A Farmers Union Iced Coffee, a fortuitous encounter with a Prime Minister, and some clever thinking were early signs of a bright future for Flinders University’s first Indigenous medical graduate.

Of his favourite memories from Flinders University, our first indigenous medicine graduate, Dr Kane Vellar, treasures most the free supply of Farmers Union Iced Coffee that flowed from an idea he and fellow medicine graduates pulled off the day former Prime Minister Julia Gillard arrived to officially open the new Northern Territory Medical School.

‘It was a particularly fond memory of mine while at Flinders University – Northern Territory when the then Prime Minister, Julia Gillard, officially opened our medical school,’ Kane recalled.

‘In posing for a photograph we managed to have her hold a Farmer’s Union Iced Coffee in the palm of her hand while posing for the camera with students.

‘The free iced coffee supply that followed from the picture was an example of our entrepreneurial skills!’ he proudly recalls.

Kane was the first indigenous medicine graduate to complete his degree in the Northern Territory. The Northern Territory Medical Program (NTMP) provides training to Flinders University and James Cook University medical students.
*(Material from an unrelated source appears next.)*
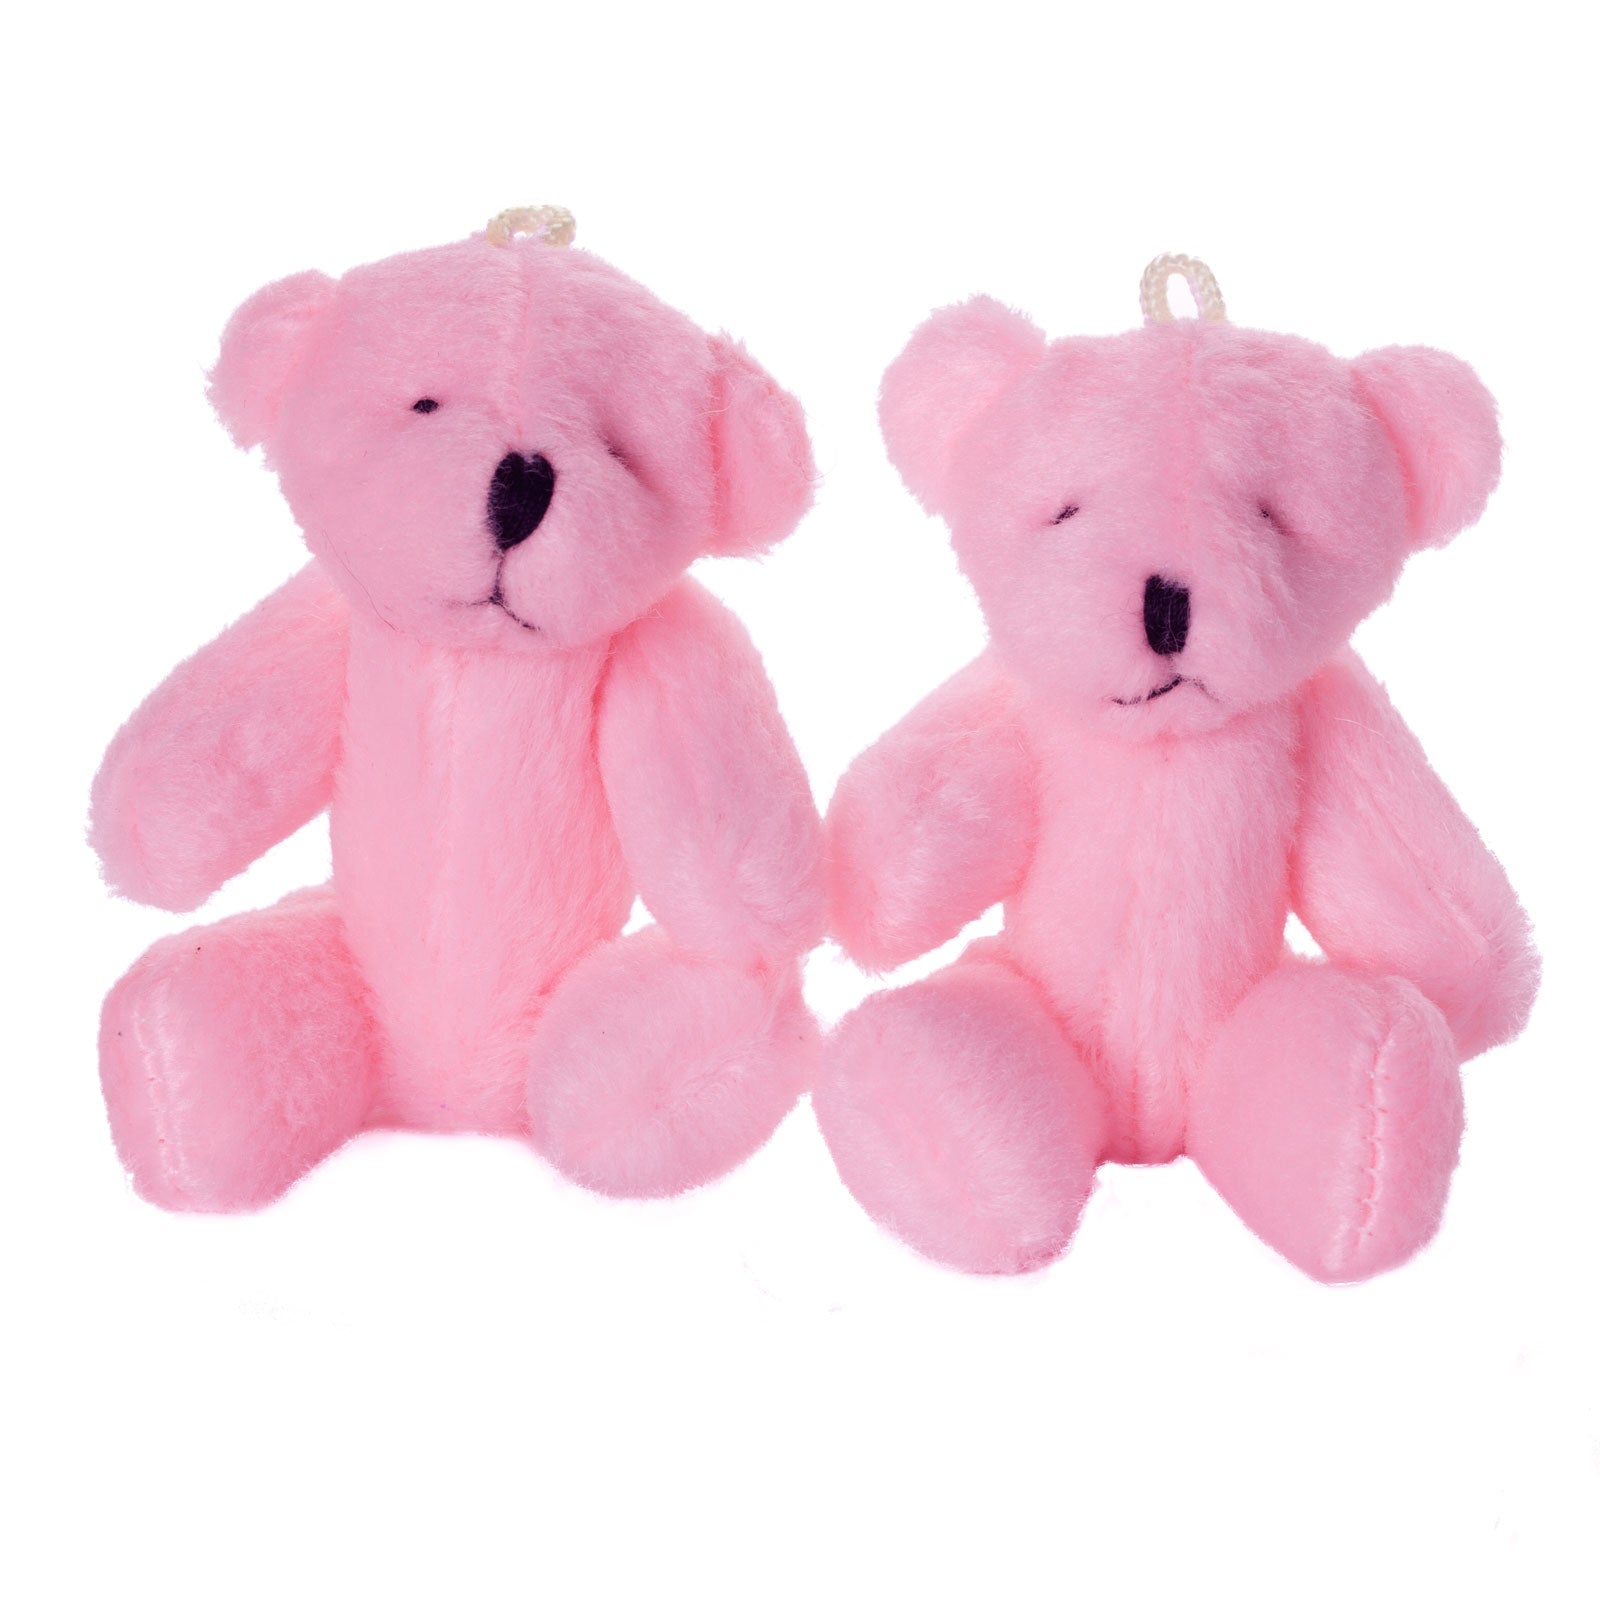 Small PINK Teddy Bears X 80 - Cute Soft Adorable

It also coordinates placement opportunities and support for allied health students and interstate medical students.

‘My top priority on graduating was to head out bush to help where it’s needed most,’ Kane says. ‘Being an indigenous graduate here in the NT is very special,’ he said.

‘It’s where we get to practise to best help our people in remote areas. Also in Darwin up to 50 per cent of our patients are Indigenous. Having an awareness of being able to communicate properly with patients is crucial, as is having that awareness to know when people don’t understand when they’re being spoken to by clinicians.’

Kane has fond memories of his time at Flinders.

‘Flinders graduates are known to be ‘outside of the box’ thinkers and I think this is a great quality of the people that it attracts to their medical program,’ Kane said.

‘On my journey through Medicine at Flinders, I found that their NT Medical Program afforded opportunities that are not otherwise available to students.

‘Let’s face it – who gets to travel to by small aircraft to their placements of a day to work in a remote Indigenous setting? Establishing a Medical Program in the NT was daring and adventurous and to be in the first graduates from this program wholly trained in the NT is an honour.’

Kane says studying medicine at Flinders was life-changing.

‘It is such a diverse and fascinating field where the possibilities are endless as a career pathway! The idea that you are on the frontline and trying to affect health outcomes in some positive way, shape or form drives my passion.’

Now employed as Psychiatric Registrar, Top End Mental Health, Northern Territory Government, Kane has maintained his connections with Flinders medical alumni.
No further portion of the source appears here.